Helen Garner's Ode to Her Grandson and His Sport
Briefly

Helen Garner's Ode to Her Grandson and His Sport
"What is it all for, these early mornings and evenings in the park with her notebook? The bruises and the pain? She wonders about it many times, but is quiet, self-conscious. She does not spend too much time trying to answer the question. And whatever answers she comes by are less interesting, anyway, than the quality of the light at dawn, and the crash of bodies, and what she's recording in the notebook."
"She envies them for their obliviousness. She worships-not too strong a word-their hardening, growing bodies, their virility, their youth. They play footy, Australian-rules football, as if it is their birthright, and, in her view, it is. She is Helen Garner, one of Australia's best-known writers, renowned for her unsparing novels and journalism, and for her complex view of intimacy and power relations."

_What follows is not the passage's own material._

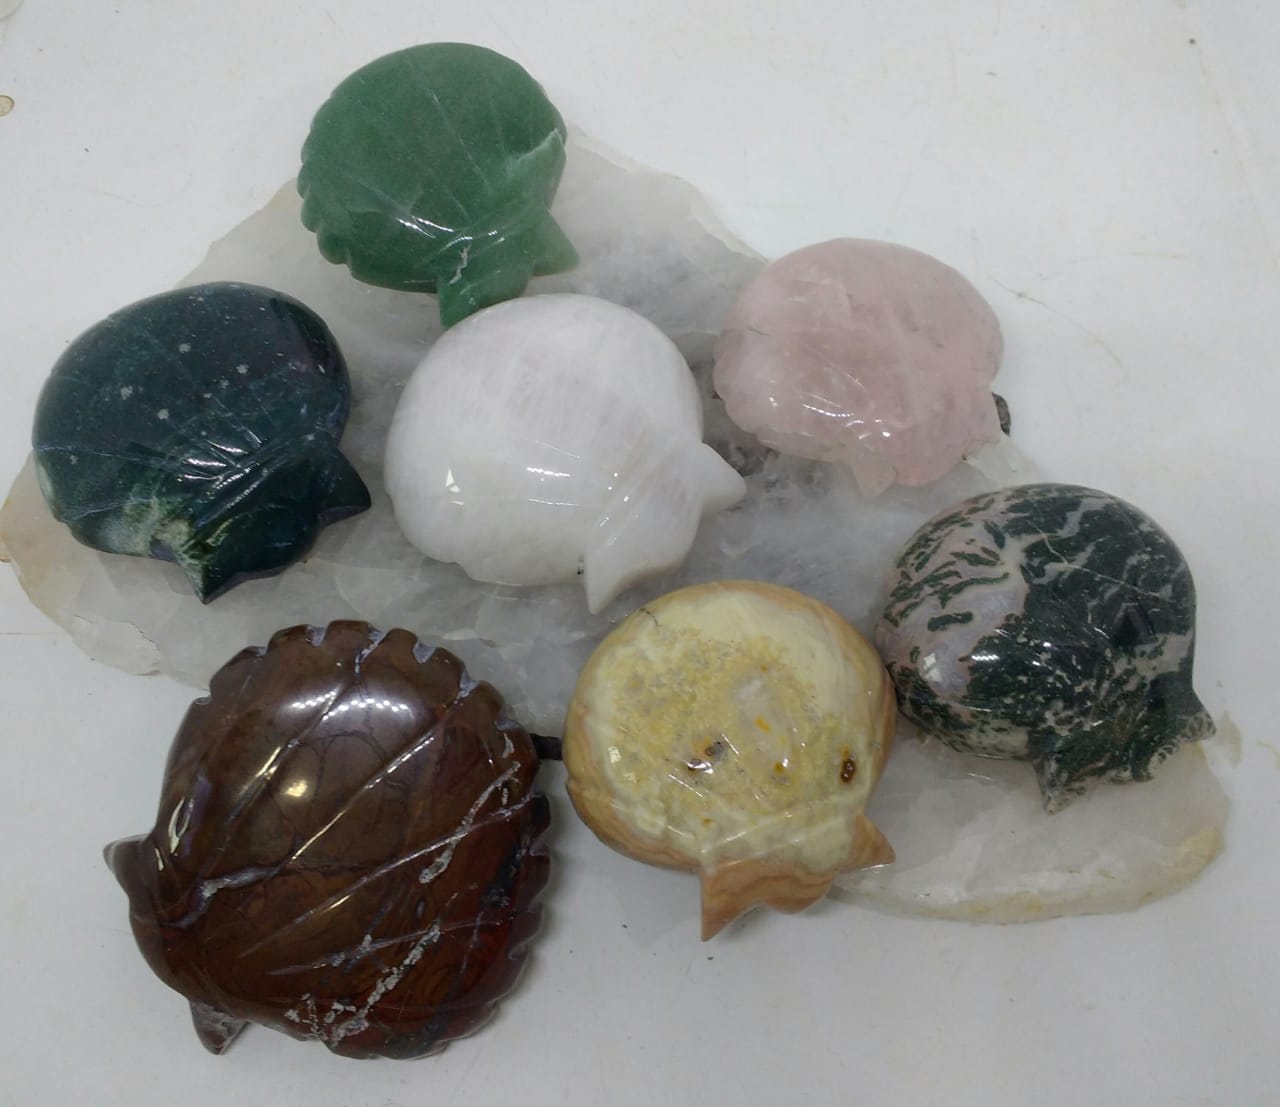 Stones from Uruguay - Gemstone Shell Shapes for Decoration, Gift and Metaphysical

"Garner hasn't written a stand-alone book in a decade. She hesitates to tell people she is writing one about watching her grandson playing for the U-16 Flemington Colts. "I keep quiet about this," she writes in " The Season: A Fan's Story," " because I don't want people to think I'm romanticising it, or to reproach me for not writing about women's footy.""
A woman rises early and attends practices and matches, recording observations in a notebook as her grandson plays U-16 Australian-rules football. She focuses on sensory details—the quality of dawn light, the crash of bodies—and on the boys' hardening bodies, virility, and youth. She admires their obliviousness to injury and treats their play as an almost sacred rite of passage. The account rejects analytical or polemical framing and embraces romantic, admiring awe. The woman intends a compact, lyrical record—a life-hymn—of a shared season before the boy matures and her own life ends.